Government bars early access to pensions
The Government has decided to bar people from early access to their pensions, taking into account responses from advisers.
The Treasury says there is insufficient evidence that allowing early access would encourage people to save more.
Treasury officials said that many advisers contacted them after the call for evidence in December 2010 to explain how they already advised clients to ensure they held both Isas and pensions as tax-incentivised products.
Advisers also said there were concerns that allowing early access to pensions in cases of hardship could expose vulnerable individuals to greater financial risk in future.
Early access could leave vulnerable individuals open to pressure from lenders to meet arrears using pension funds, say some advisers.
There was support for early access to the 25 per cent tax free lump sum as this would be relatively simple to implement but it was thought this would disincentive people from contributing once the sum had been withdrawn.
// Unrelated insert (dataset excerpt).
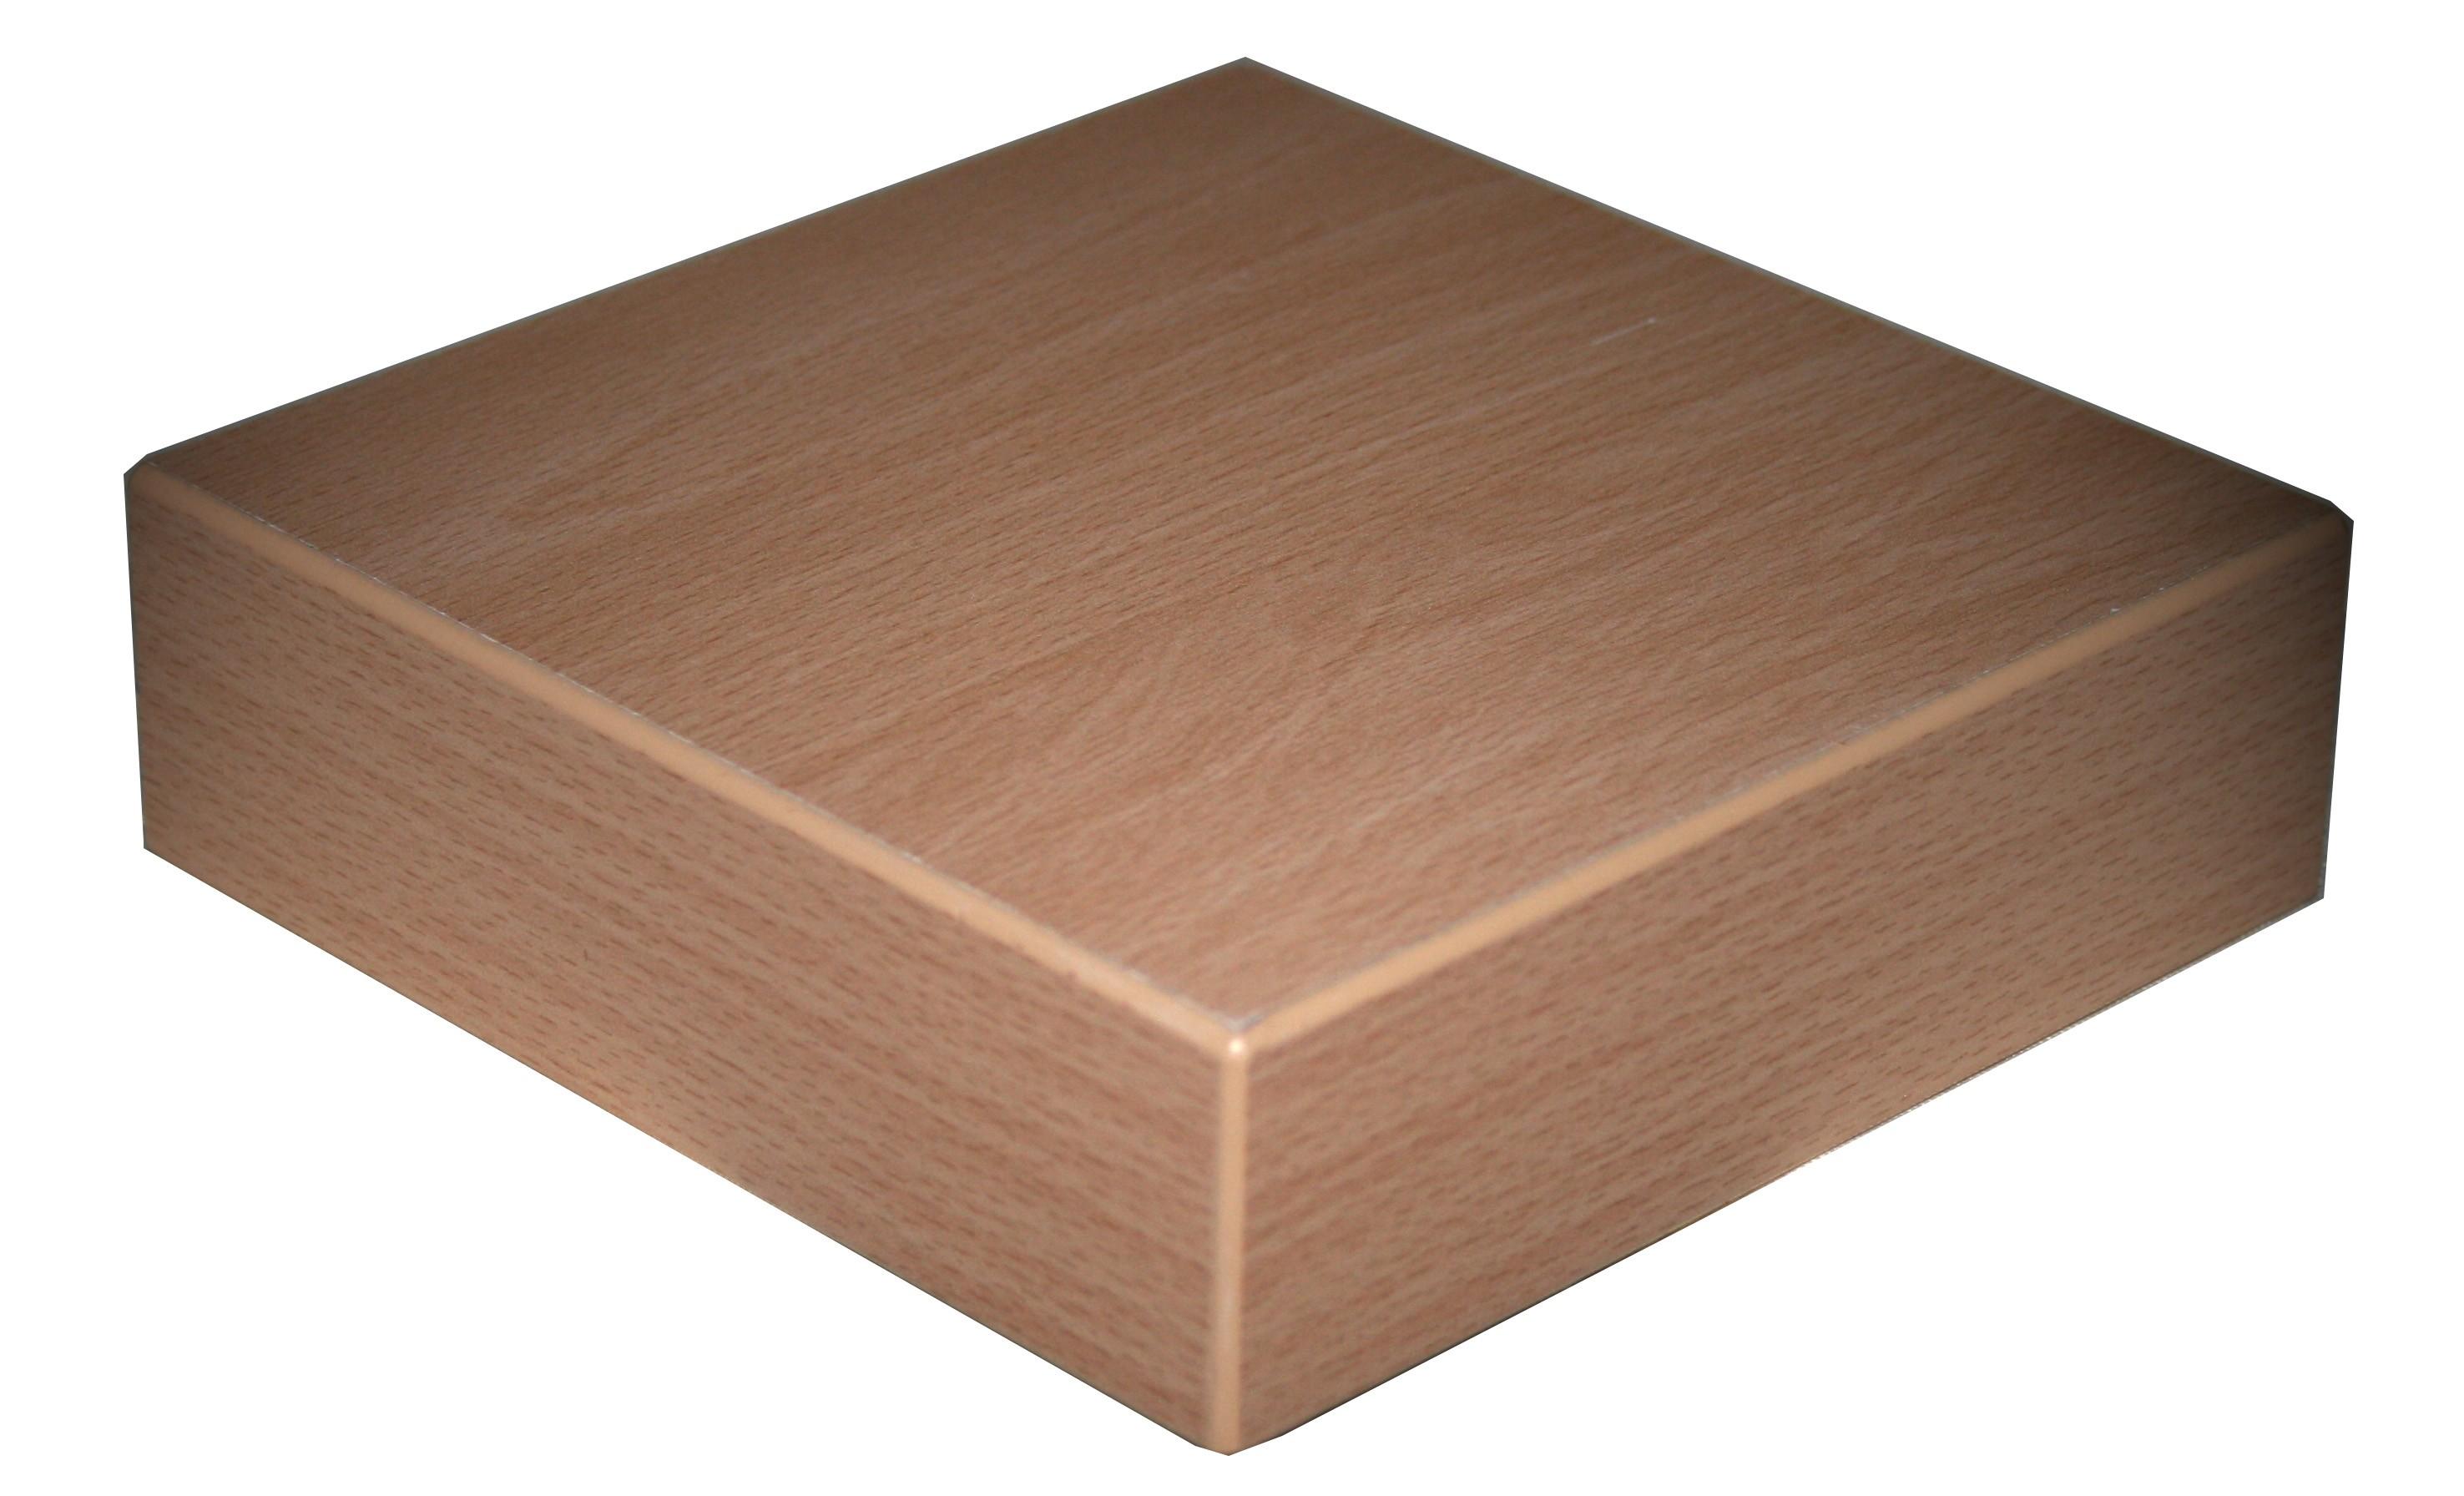 Tischplatte Melamin 41mm 80x80

Treasury Financial Secretary Mark Hoban said: “The Government is committed to encouraging saving and wants to give individuals greater flexibility in saving for retirement.”
The Government plans to work with the financial services sector over the coming months to develop savings models such as funds and workplace Isas which can be built into current pensions.
The government will also monitor whether these types of savings help young people and low earners, who typically undersave.
Fidelity said making an explicit link between Isas and retirement savings would achieve the objective without complicating the pensions landscape.
They believe the annual pension limit of £50,000 should be combined with the Isa limit of £10,680.
Mark Duke, head of settlement consulting at Towers Watson, said: “People who don’t want to lock their money away can already save in other vehicles first and benefit from tax relief.
“This option could certainly be better promoted but it doesn’t require a change in the law. We expect more employers to think about whether they want to make medium-term savings vehicles available through the workplace.”
The Government says it may revisit the question of whether to permit early access to pension savings after 2017, when the automatic enrolment of most employees into pension schemes with employer contributions has been fully phased in.